Spiegel et al.  reported one case of late relapse of herpes simplex viral encephalitis and reviewed an additional 12 cases found in the literature from the previous 15 years. They concluded that reactivation of latent virus was the most likely cause of late relapse, based on radiologic and neuropathological autopsy findings. Lellouch-Tubiana et al.  had earlier reported 3 patients in France who were not included in the review of Spiegel et al. . These patients demonstrated late relapse 3–10 years postinfection. Two of these three patients had evidence of viral recrudescence by CSF viral antibody titers, but neuropathological demonstration of virus in tissue by immunohistochemistry or PCR analysis was not performed. The brain of the third patient demonstrated atrophy and white matter changes that correlated clinically with worsening epilepsy more consistent with postinfectious immunoinflammatory disease. Adamo et al.  recently reported a late relapse after a 13-year latency, confirmed by biopsy and positive HSV PCR results on frozen biopsy tissue, although CSF PCR studies and tissue immunohistochemistry had been negative for HSV. Cases of histologically verified chronic granulomatous herpes simplex encephalitis are summarized in Table 1.

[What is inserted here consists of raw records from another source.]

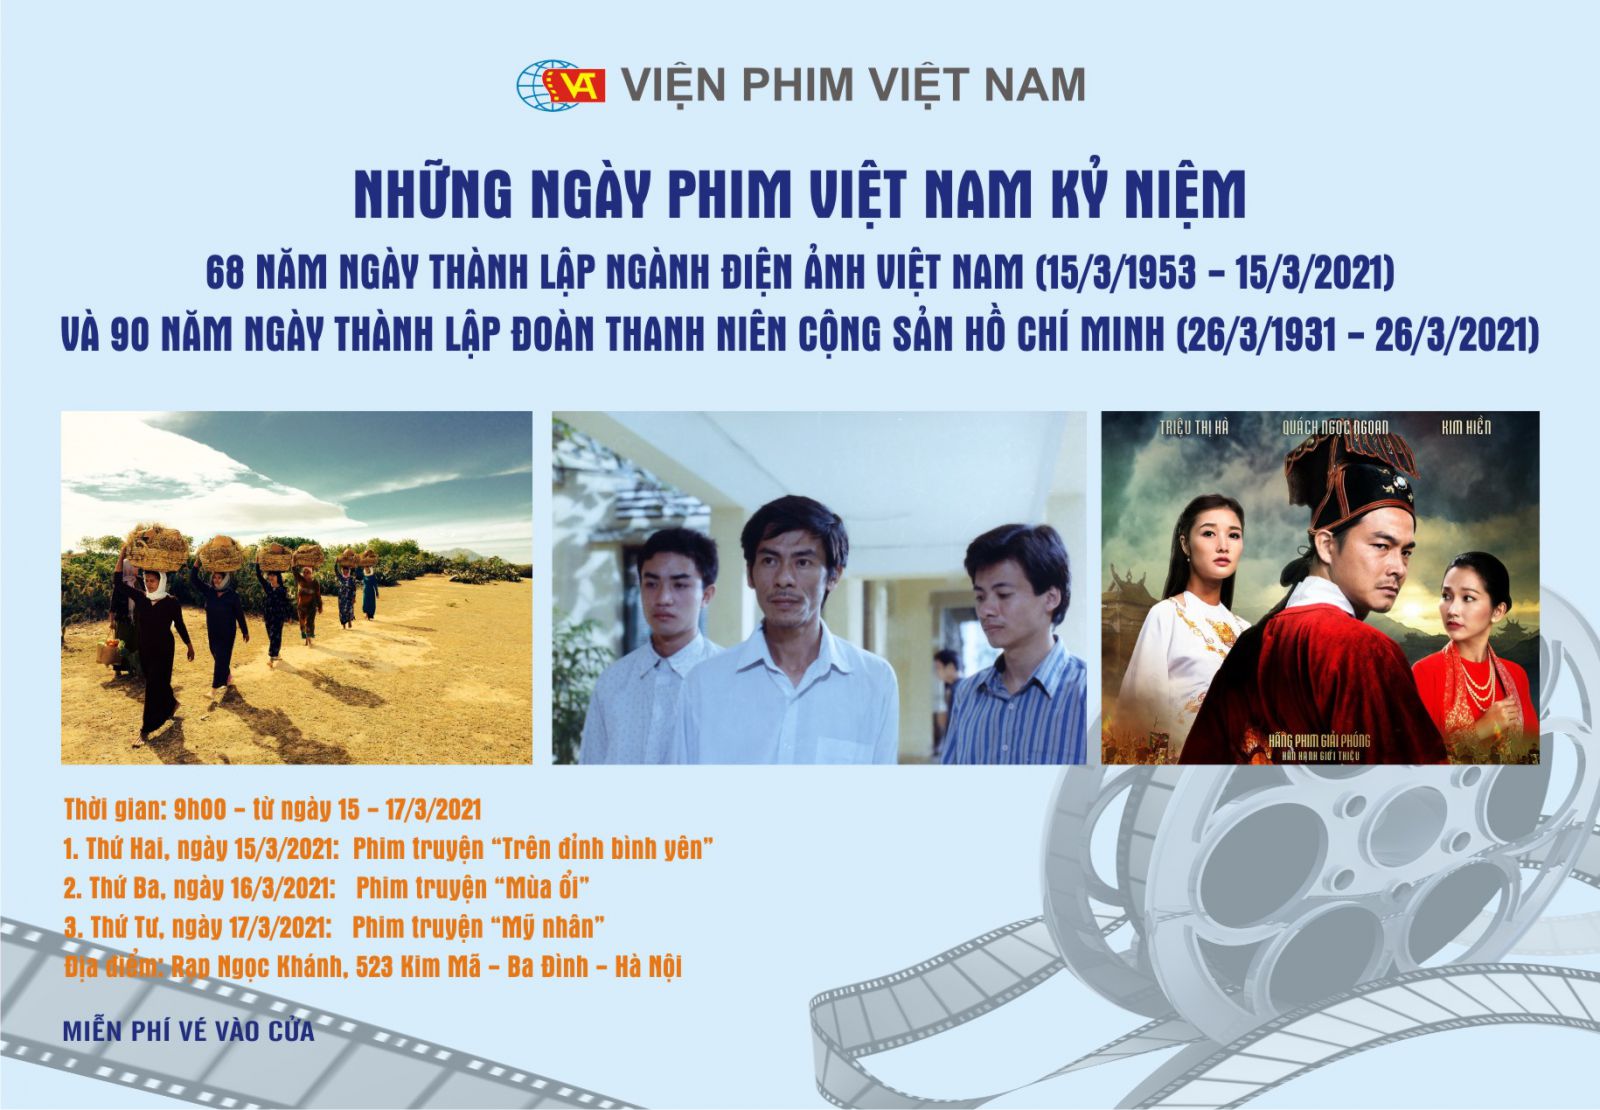 Viện Phim Việt Nam thông báo triệu tập thí sinh dự thi kỳ thi tuyển viên chức năm 2021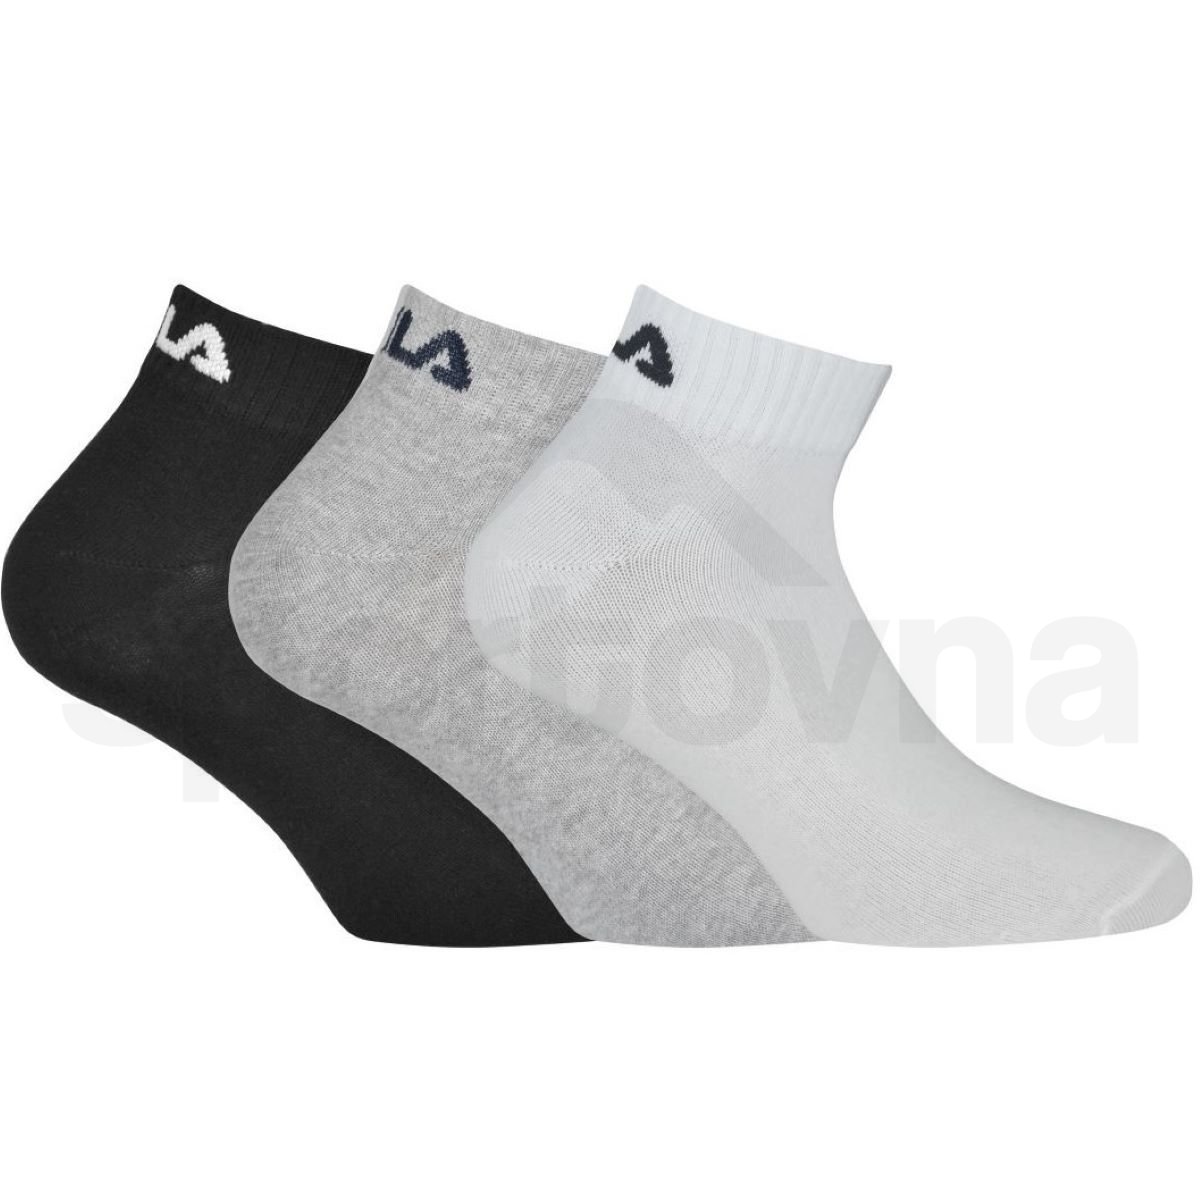 Ponožky Fila Quarter Plain 3 Pack - černá/šedá/bílá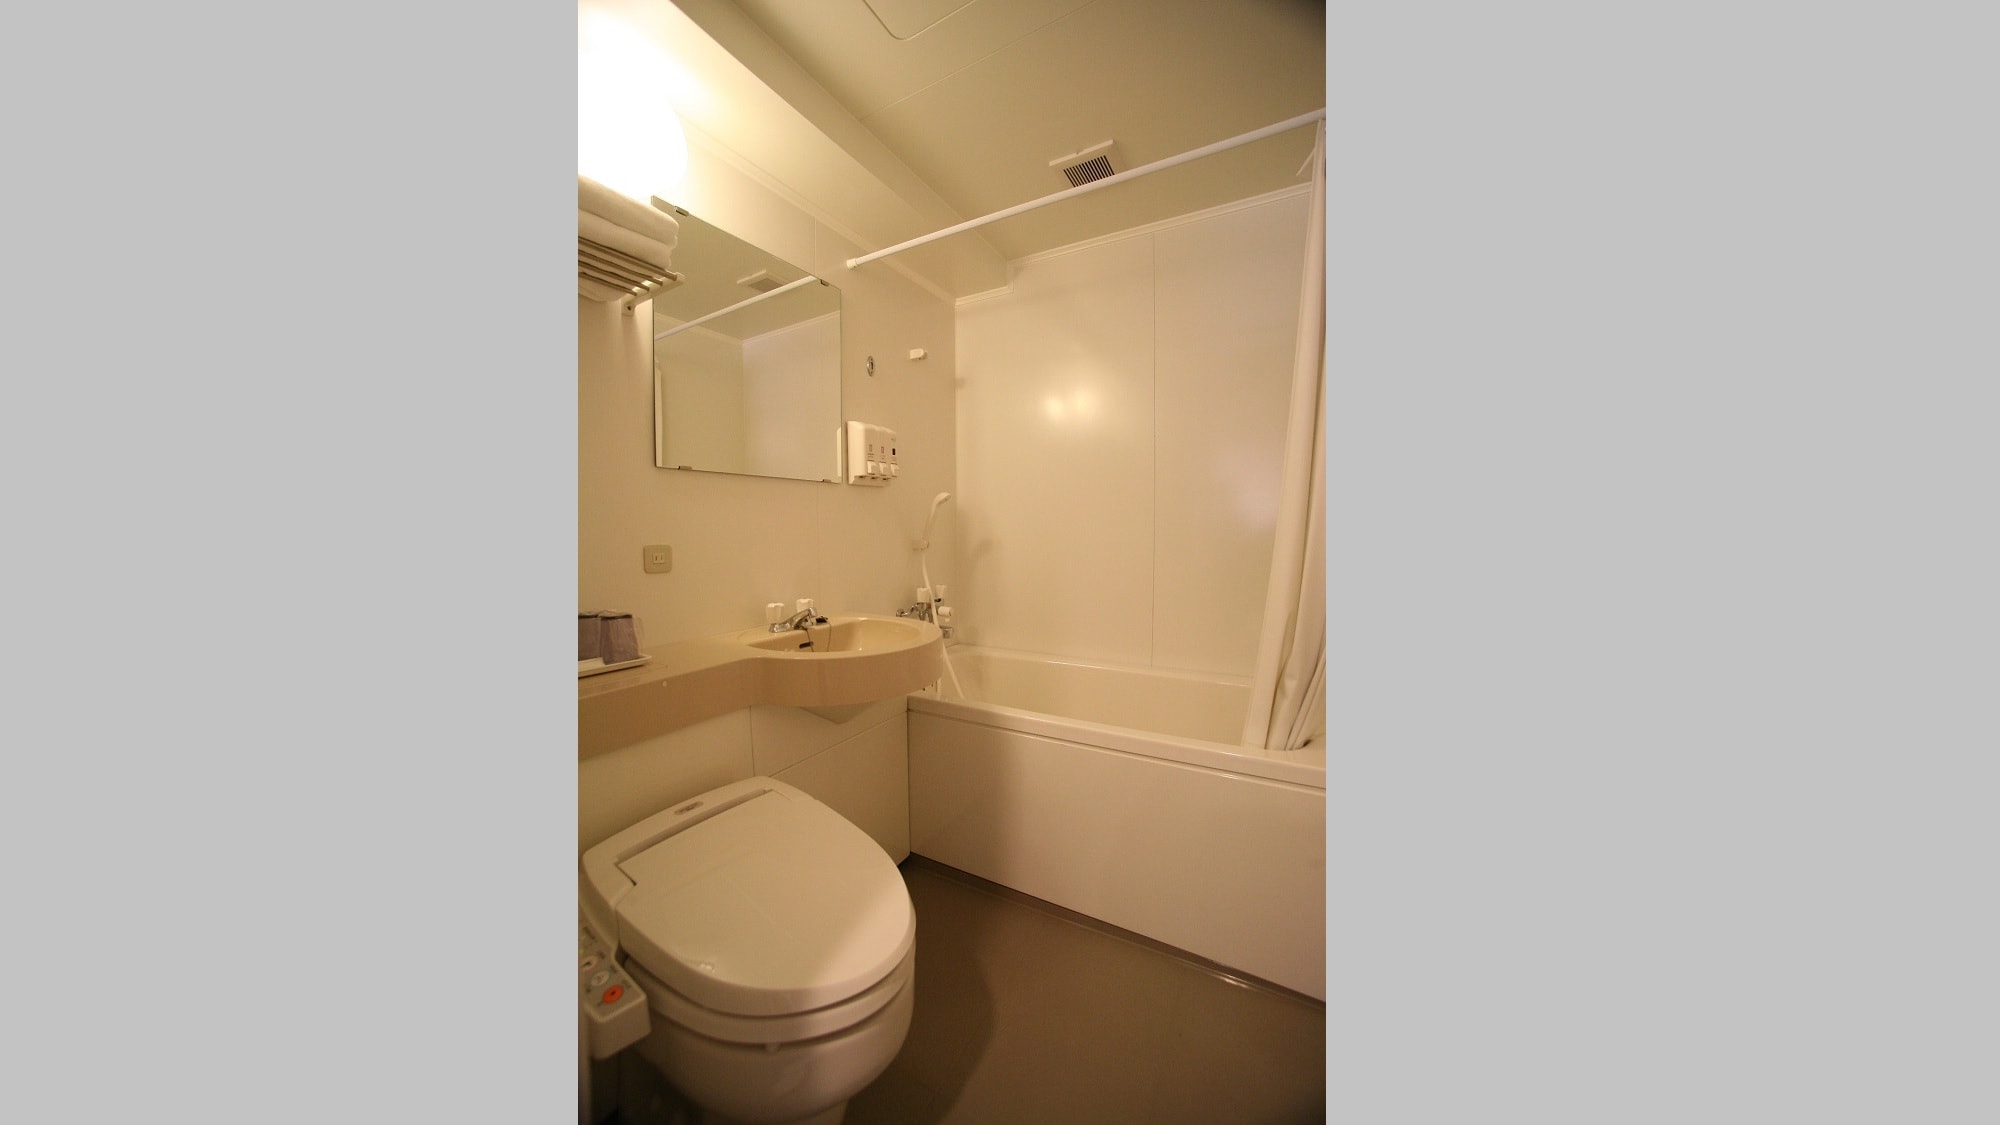 ◆ 客房單元浴室

The identification of HSV by immunoperoxidase and the findings at reoperation in our patient support the interpretation of viral reactivation as the cause of our patient’s deterioration rather than residual damage from the initial insult. Negative culture results from our patient most likely represent the general difficulty in culturing virus from tissue specimens combined with the likelihood of a low viral load in both tissue and CSF. Our patient’s return to baseline following antiviral therapy may also argue in favor of reactivation, although the clinical course was certainly affected by the epilepsy surgery. An additional point of interest is that one of the patients discussed by Spiegel et al.  had a latency period of 8.5 years, while the patient presented by Adamo et al.  experienced a latency period of over 13 years, the longest reported to date with neuropathological confirmation. Our case, with a latency period of 10 years, joins these cases in illustrating the extended latency period that can rarely be seen with herpes virus reactivation.
Chronic granulomatous herpes encephalitis is a rare form of herpes encephalitis seen only in children, usually as a late complication or relapse characterized by intractable seizures, neurological deterioration, and new neuroimaging findings. Neuropathological examination demonstrates features consistent with viral reactivation, including virus identifiable within neurons by immunohistochemistry or PCR analysis. Patients benefit from retreatment with acyclovir, with or without surgery for control of intractable epilepsy. Such treatment dramatically reduced our patient’s seizure activity and returned him to his neurological baseline. His presentation 10 years after the initial episode is unusual, being the longest yet reported latency period with neuropathological confirmation by immunohistochemistry.
An abstract of this paper was presented at the 87th Annual Meeting of the American Association of Neuropathologists in Seattle, WA, USA on June 24, 2011. The abstract of this presentation was published in the Journal of Neuropathology and Experimental Neurology, 70(6), June, 2011, abstract 82, p519-520.